After the end of the war, the Toyes returned to Florence, where they lived for the rest of Toye's life. In 1946 he resumed the directorship of the British Institute, whose premises and "magnificent library" had survived the war intact. The Times later wrote, "he devoted a dozen years to the work of the institute with success founded on his love of Italy and his reputation as one of the line of English eccentrics." He wrote two volumes of autobiography, For What We Have Received (1948) and Truly Thankful (1957). Toye retired from the directorship of the institute in 1958, bought a farm near Florence, where he grew vines, and "added a good deal of spice and gaiety to the musical life of London and to that of the English colony in Italy." He visited London regularly and contributed notices to The Times of the Maggio Musicale Fiorentino.

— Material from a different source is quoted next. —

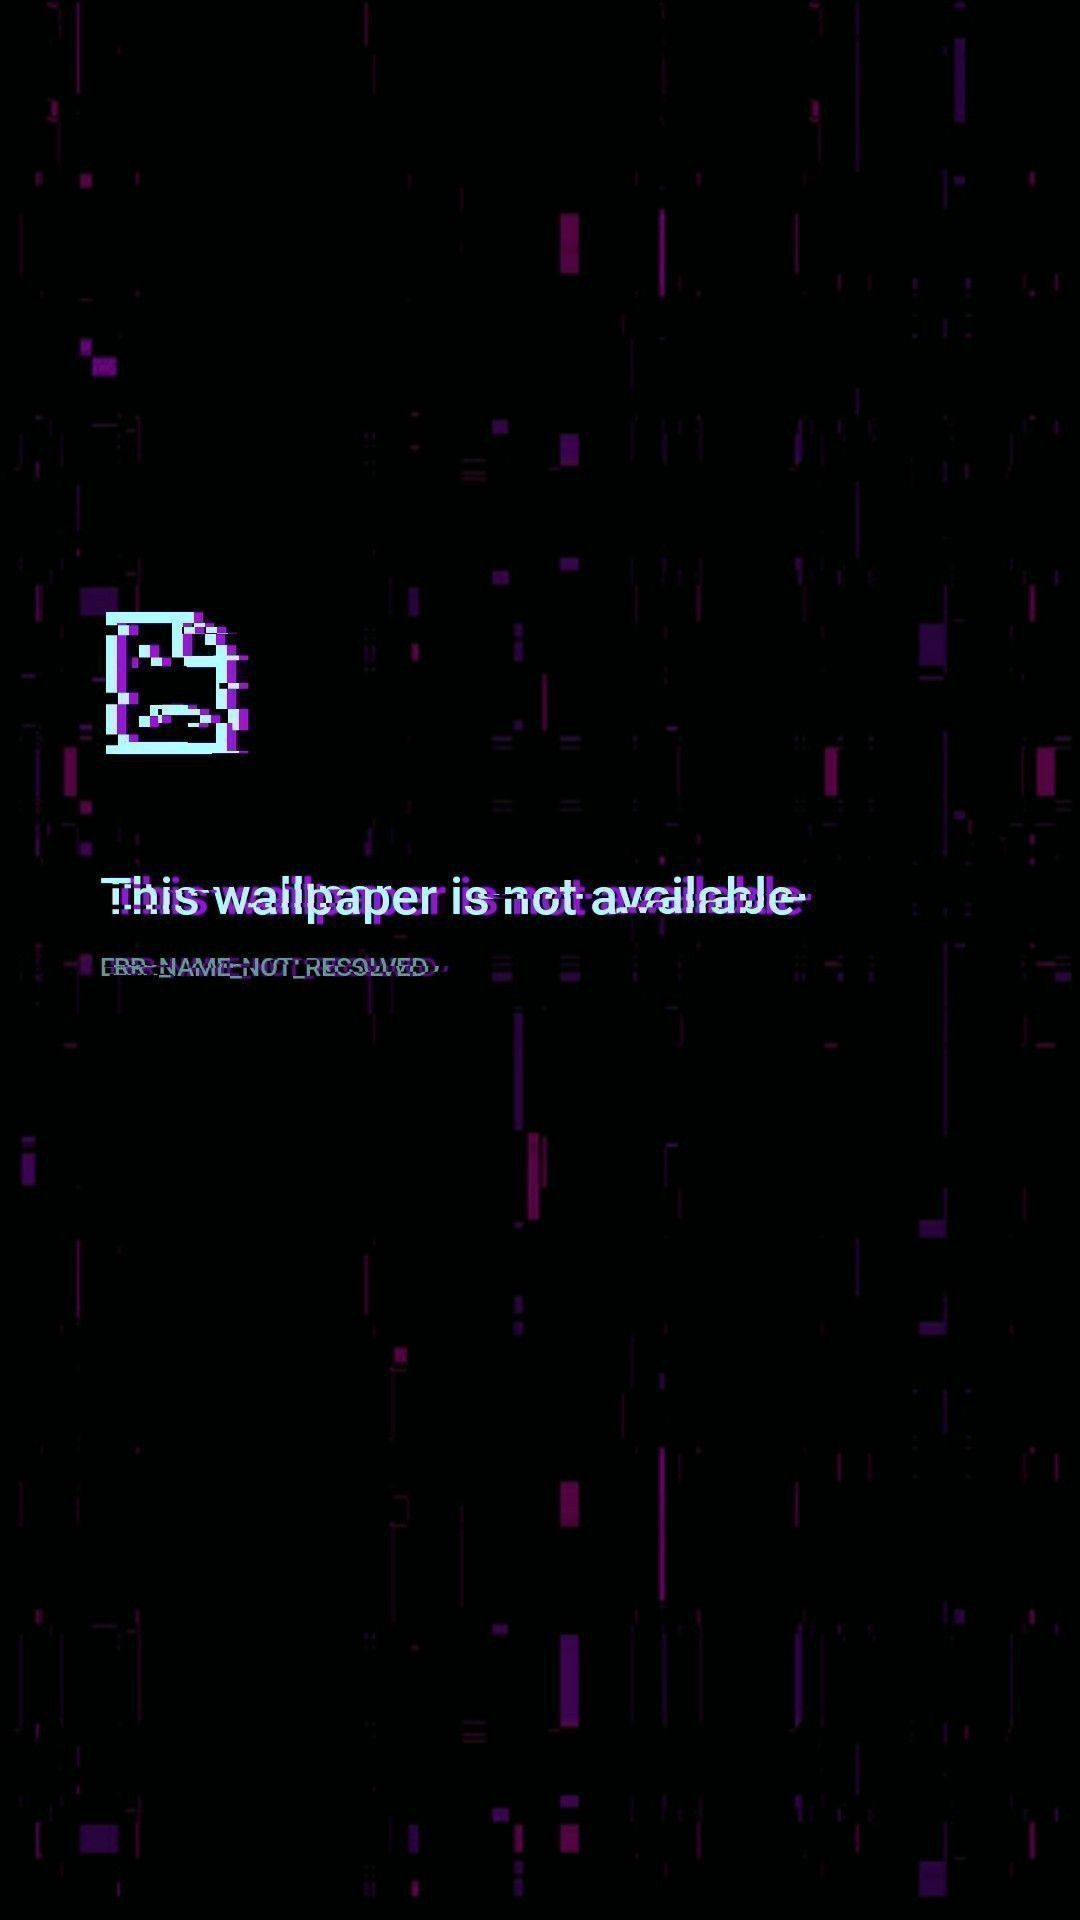 This wallpaper is not available Line names not received - Dark vaporwave, glitch
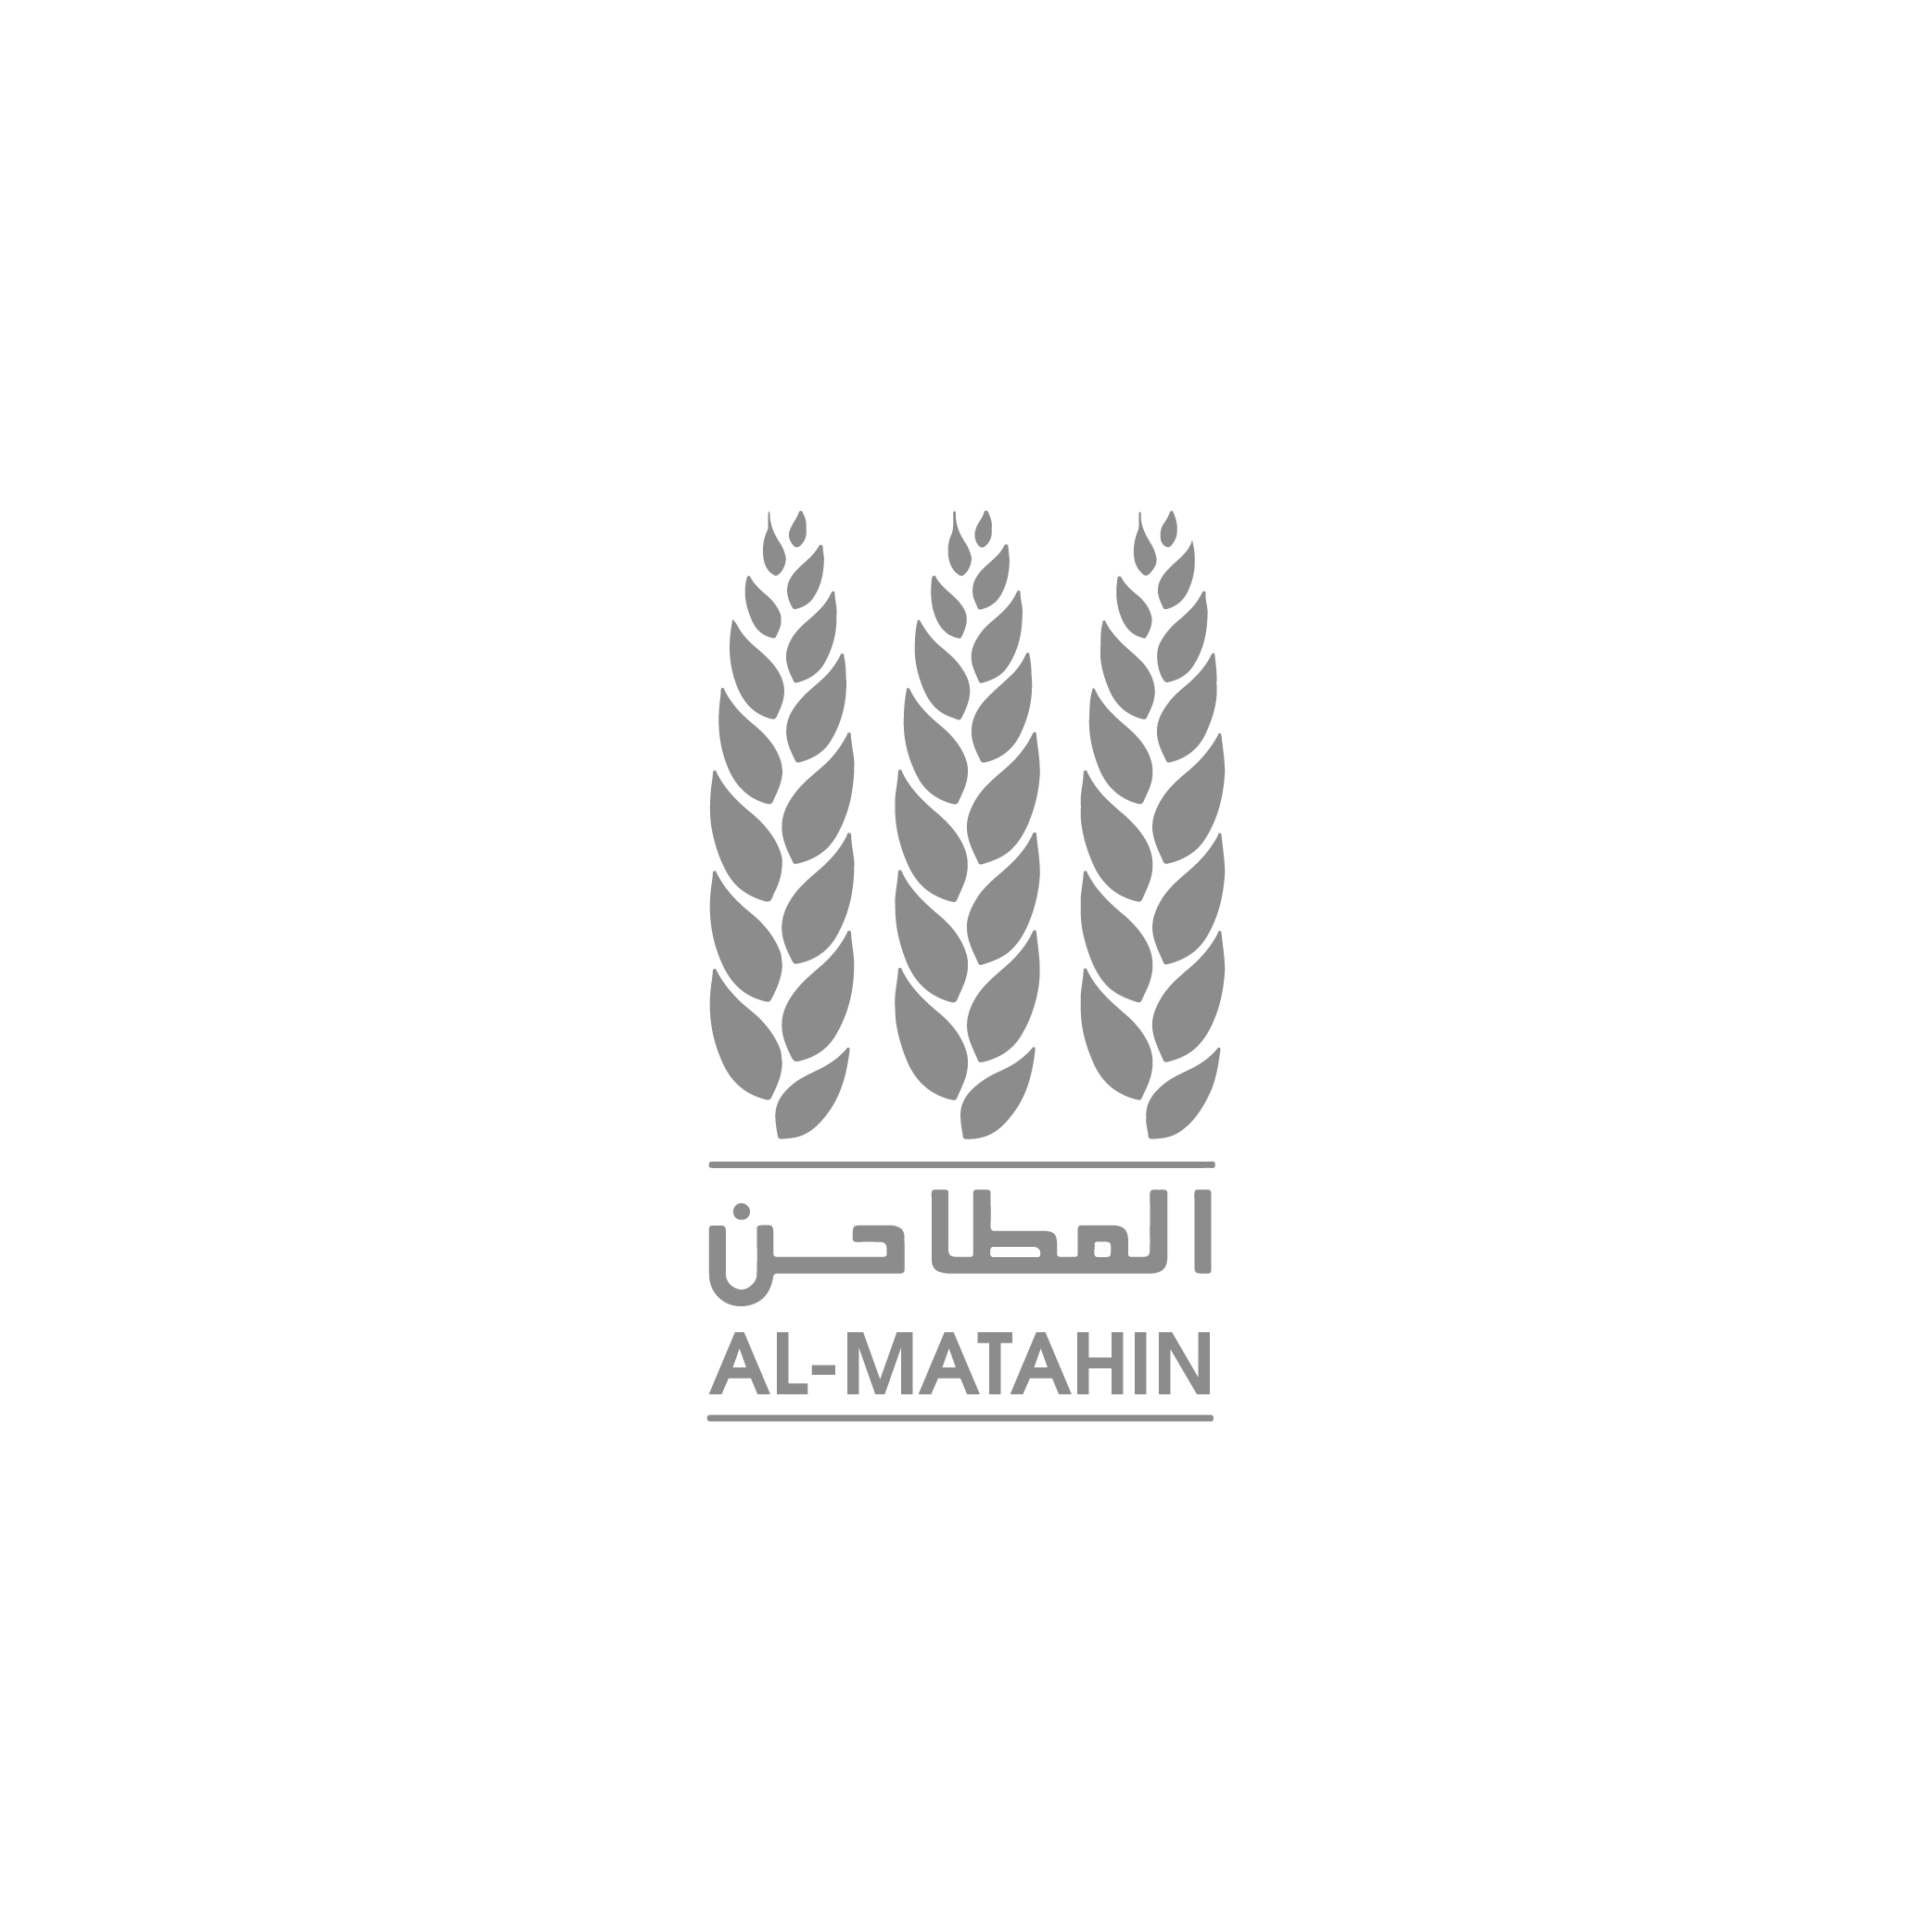 Al-Matahin has conducted the AGM electronically

Toye died in Florence at the age of 81. His fellow critic, Neville Cardus, wrote of him, in an obituary tribute in The Guardian, "Years ago he was critic for the old Morning Post, and as typical a Morning Post man as well could be, distinguished in presence, a connoisseur of music, good food, and wine, rather unapproachable at first sight, but once known extremely likeable, a representative in excelsis of the old school, fastidious yet humane." The Gramophone called him "the man who loved Verdi this side of idolatry, and who loved Handel and Sullivan no less. His books on Verdi and Rossini will always be well thumbed, and the restoration of the supremacy of Italian opera in England owes much to his advocacy."